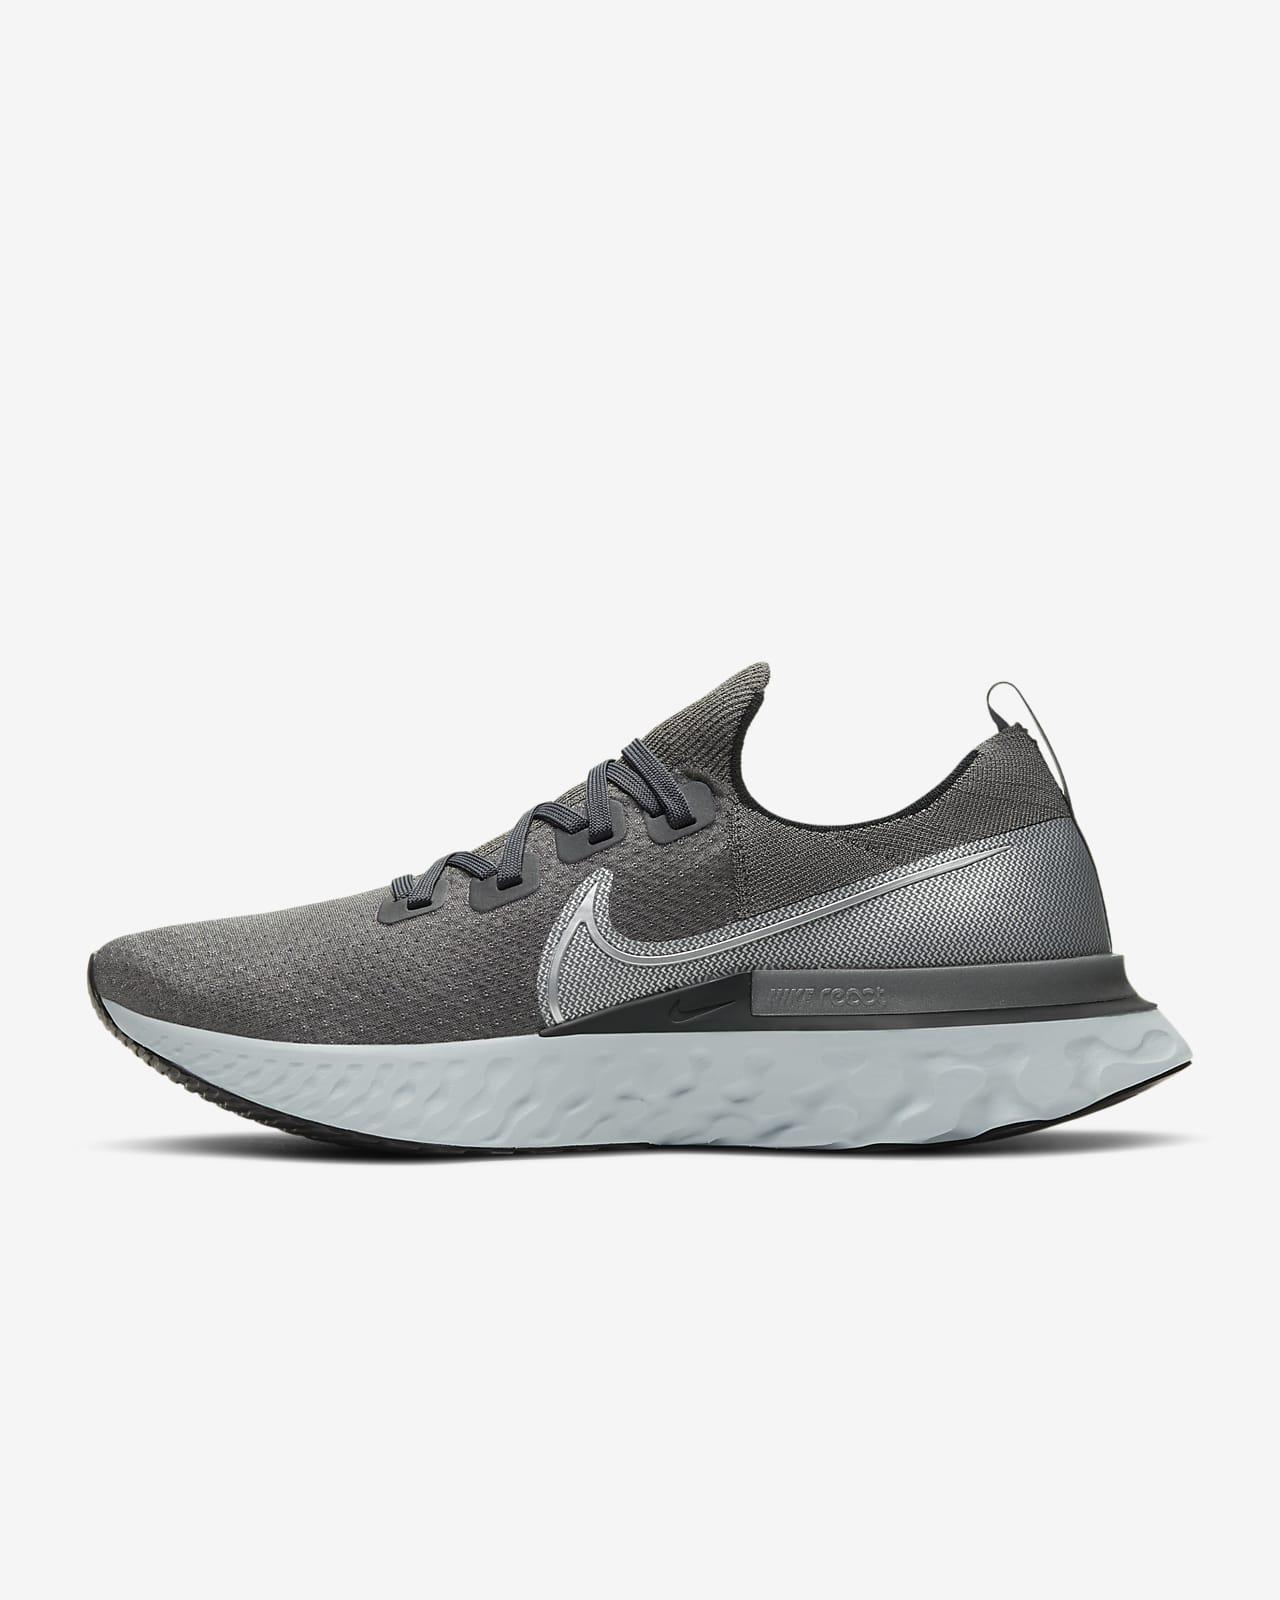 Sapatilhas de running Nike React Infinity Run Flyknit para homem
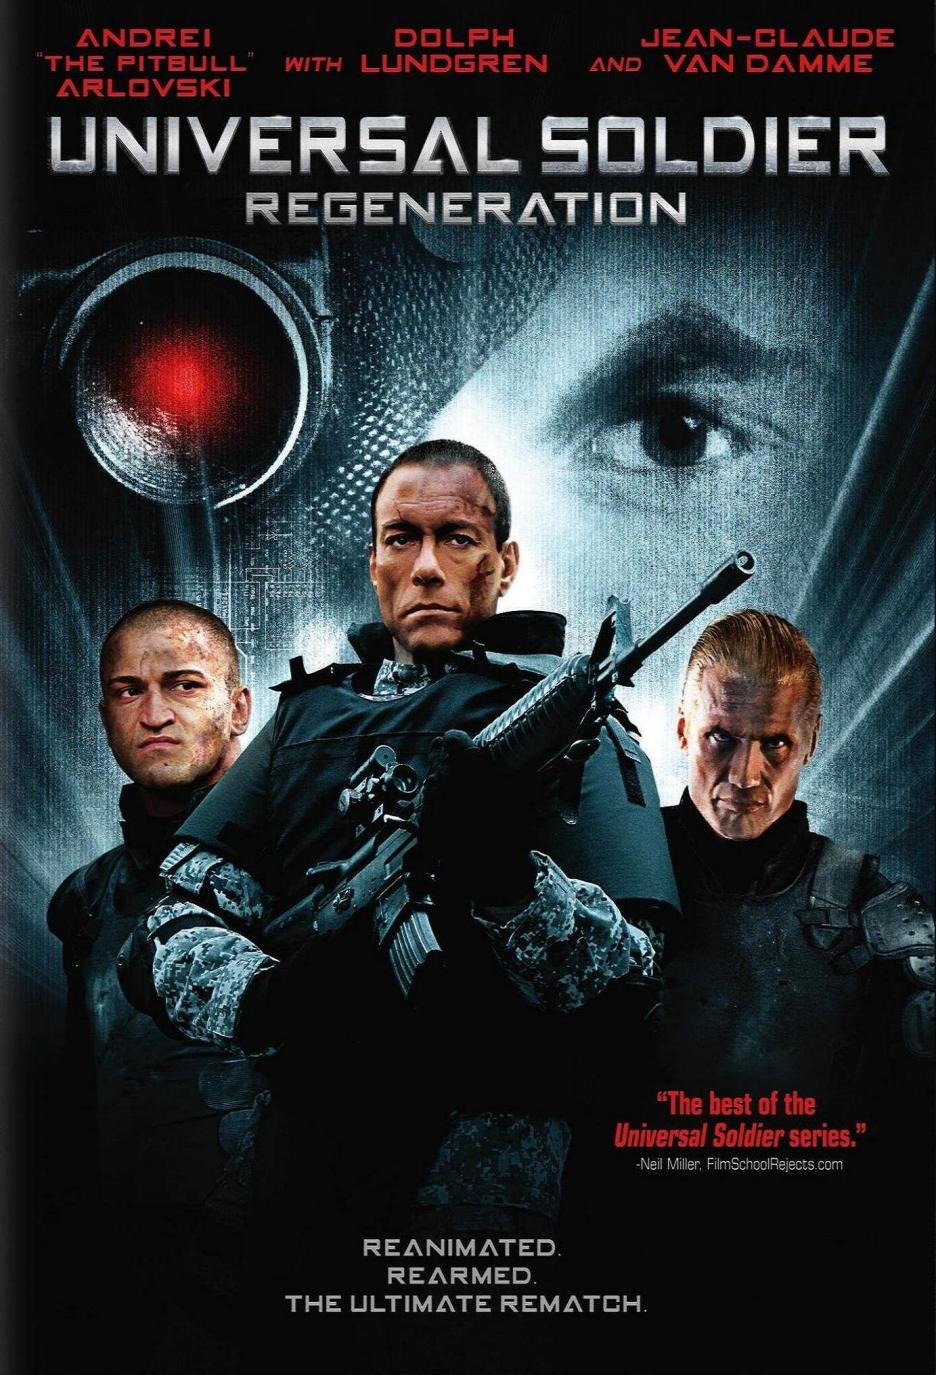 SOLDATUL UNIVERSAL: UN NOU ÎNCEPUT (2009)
========
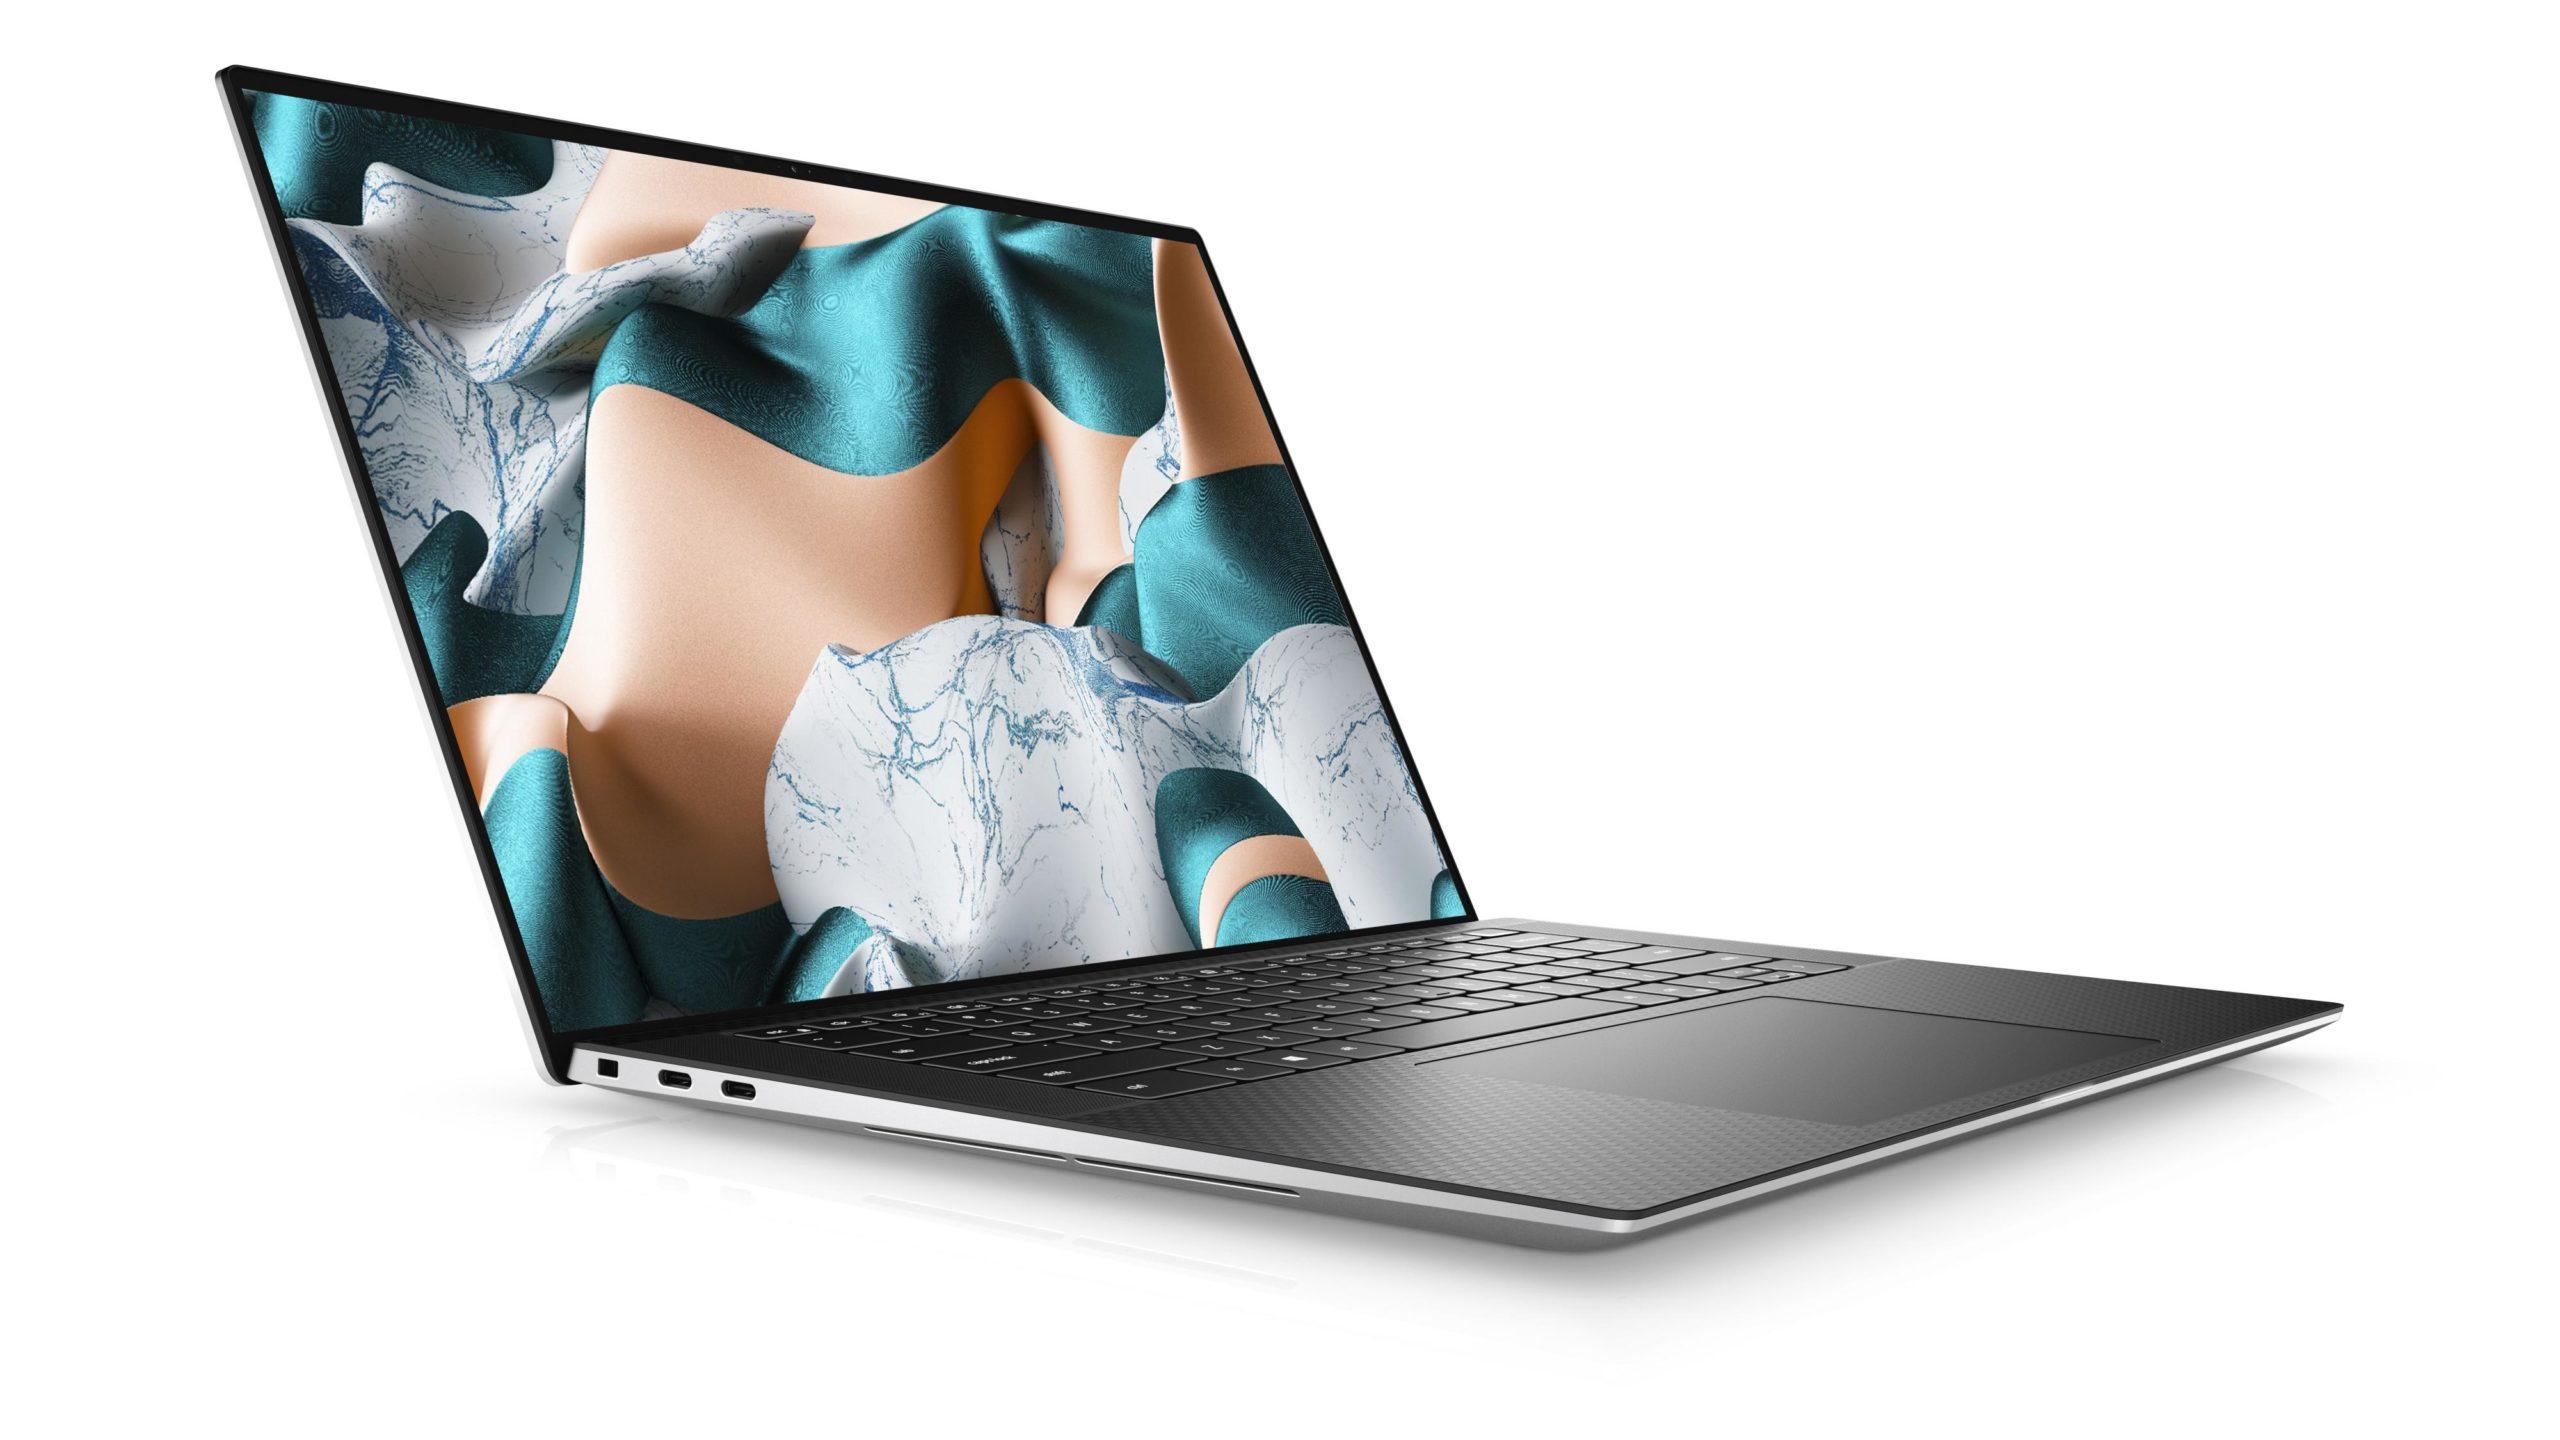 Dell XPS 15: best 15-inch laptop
========
### EXERCISE
Lines from the one above containing "Sapatilhas de running" down to the one containing "SOLDATUL UNIVERSAL: UN NOU ÎNCEPUT (2009)" should be transcribed exactly, with both ends kept and no pictures.

### EXERCISE RESPONSE
 Sapatilhas de running Nike React Infinity Run Flyknit para homem
 SOLDATUL UNIVERSAL: UN NOU ÎNCEPUT (2009)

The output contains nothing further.